→ TASK REQUIREMENTS
Every line of the material below needs to be copied exactly; omit the pictures.

[[ DATA open ]]

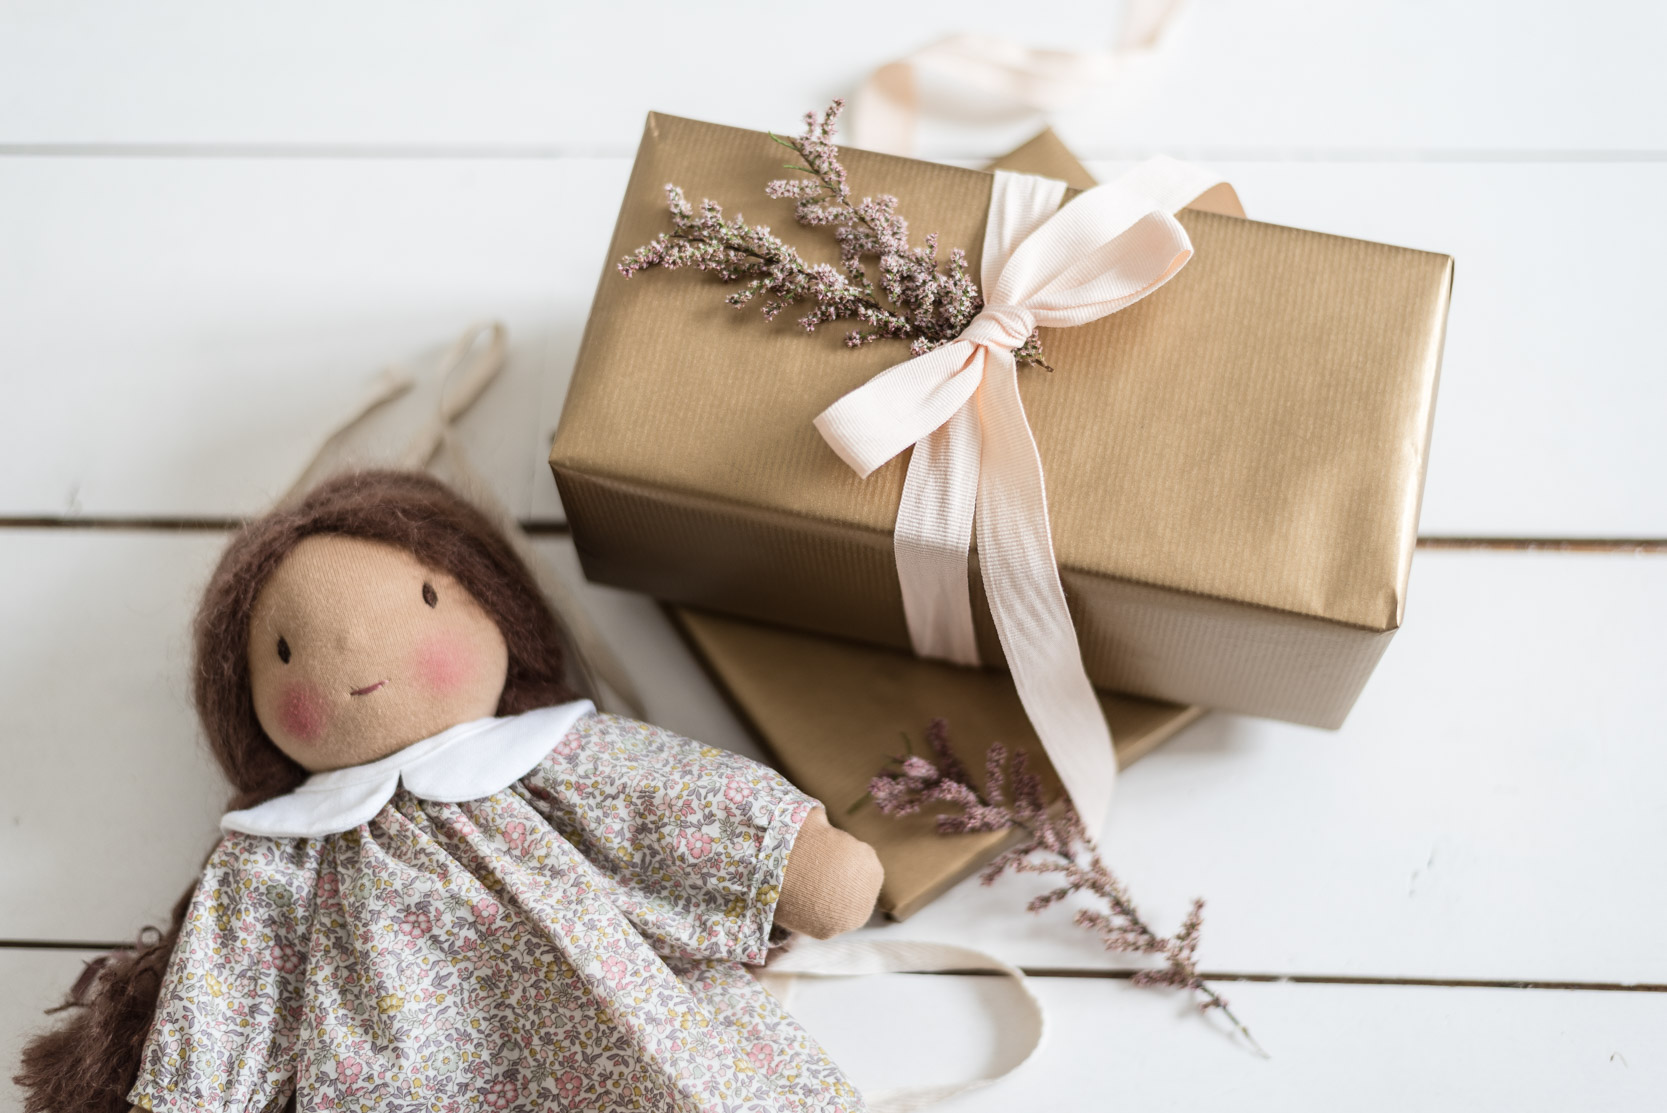 cadeaux (6 of 21).jpg
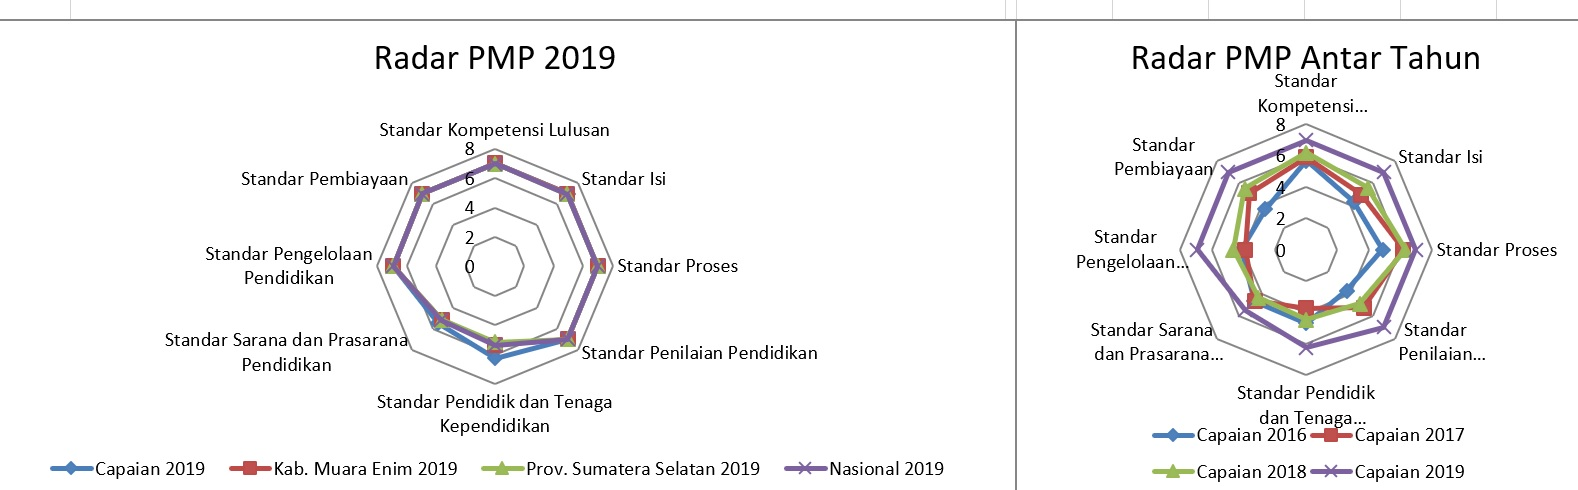 gambar rapor mutu pmp 2019
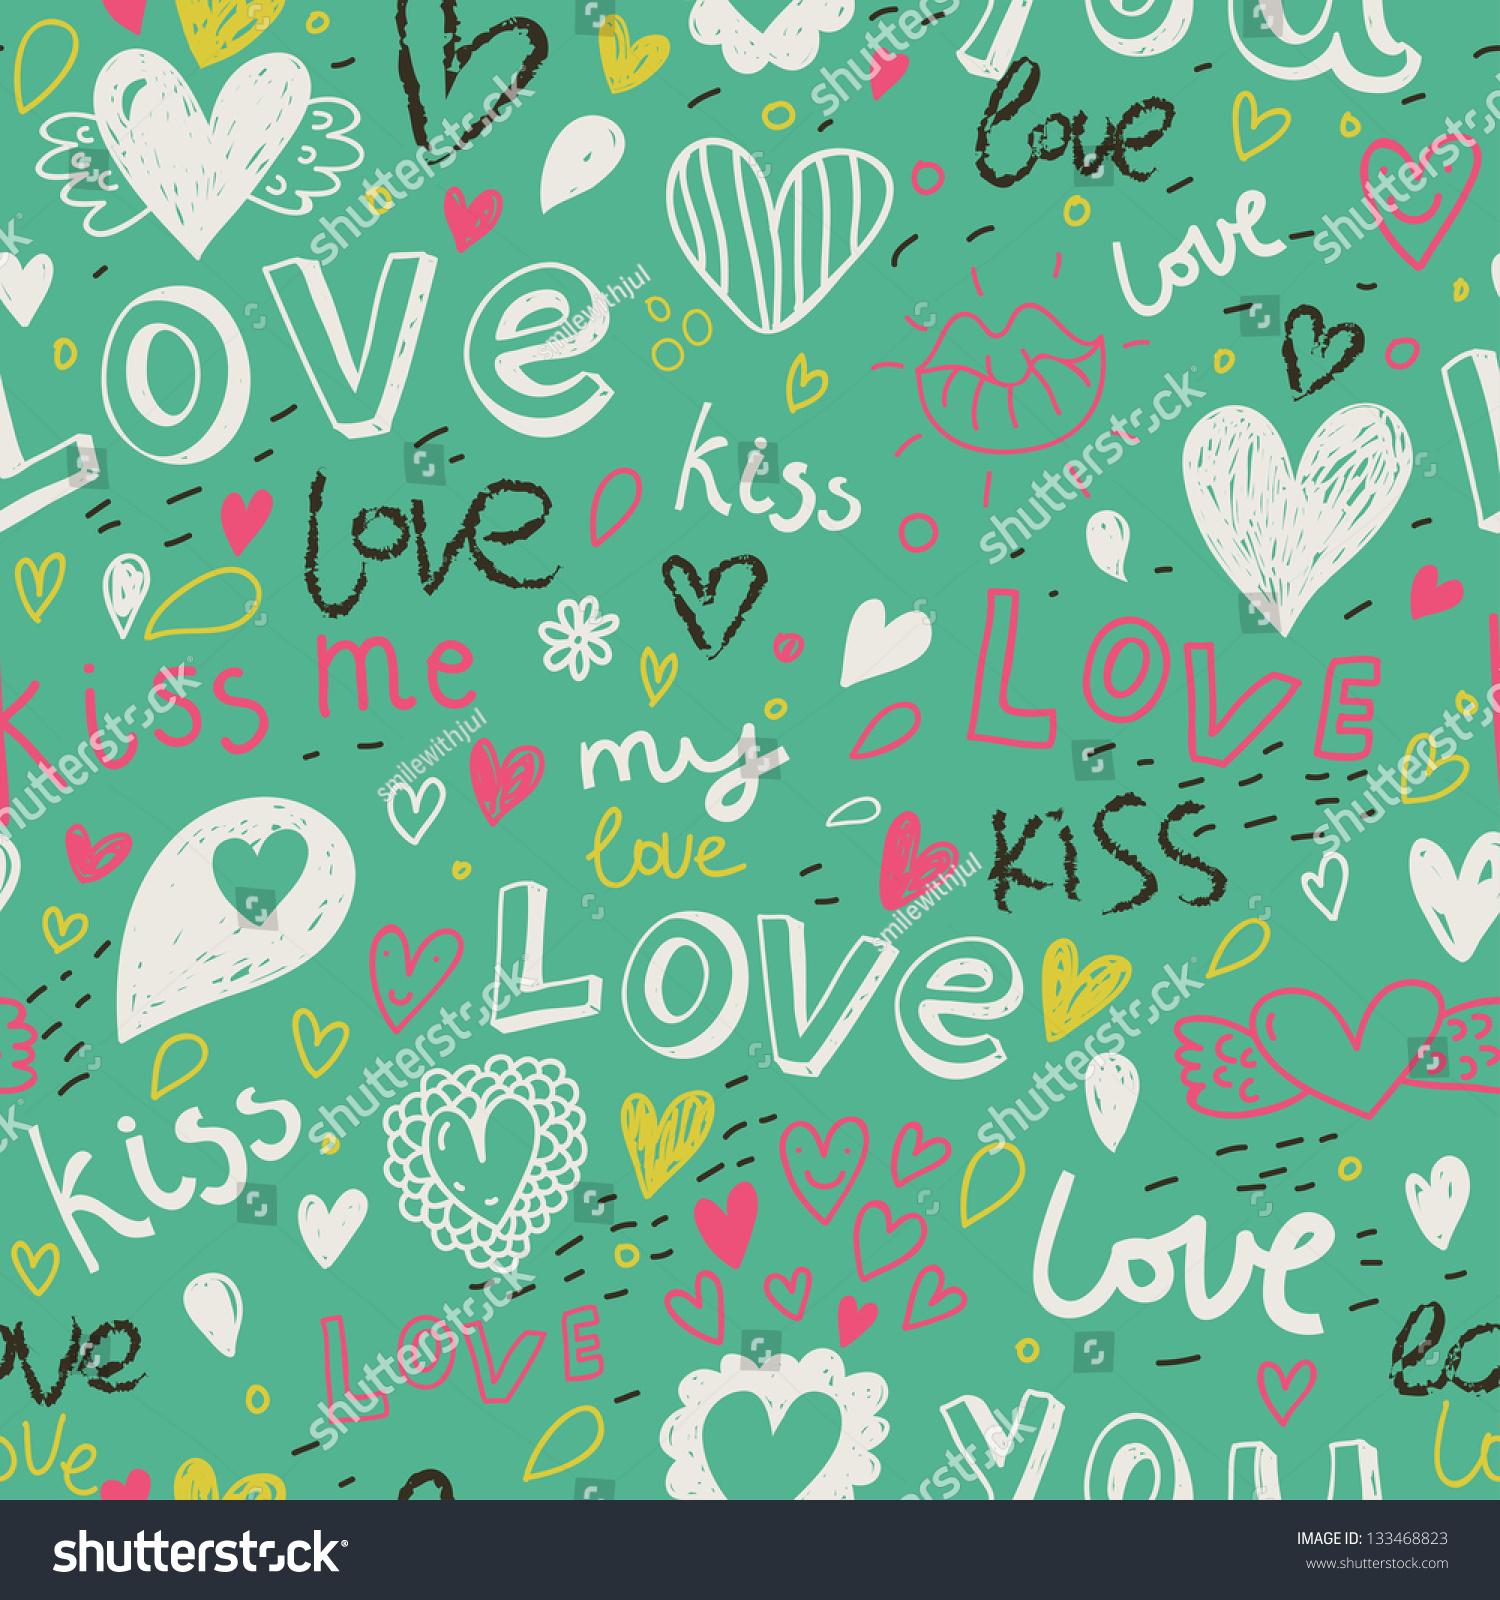 Romantic vector seamless background greeting card wallpaper vector art -  Vectors Illustrations Footage Music Romantic Seamless Pattern Love Concept Background Seamless Pattern Can Be Used For Wallpaper
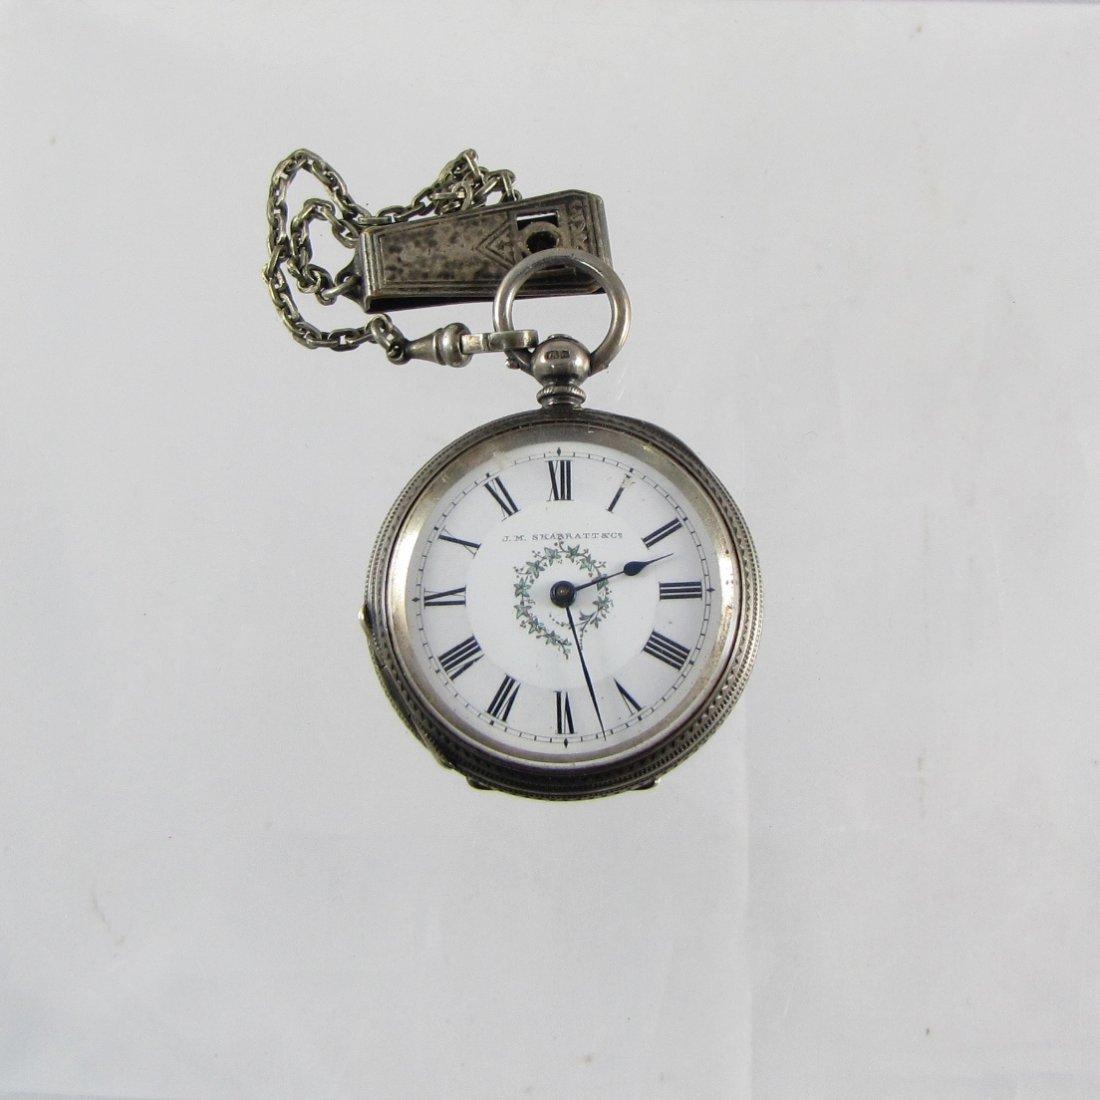 J M SKABRATT&C Watch

[[ DATA closed ]]

→ ANSWER SECTION
 cadeaux (6 of 21).jpg
 gambar rapor mutu pmp 2019
 Romantic vector seamless background greeting card wallpaper vector art -  Vectors Illustrations Footage Music Romantic Seamless Pattern Love Concept Background Seamless Pattern Can Be Used For Wallpaper
 J M SKABRATT&C Watch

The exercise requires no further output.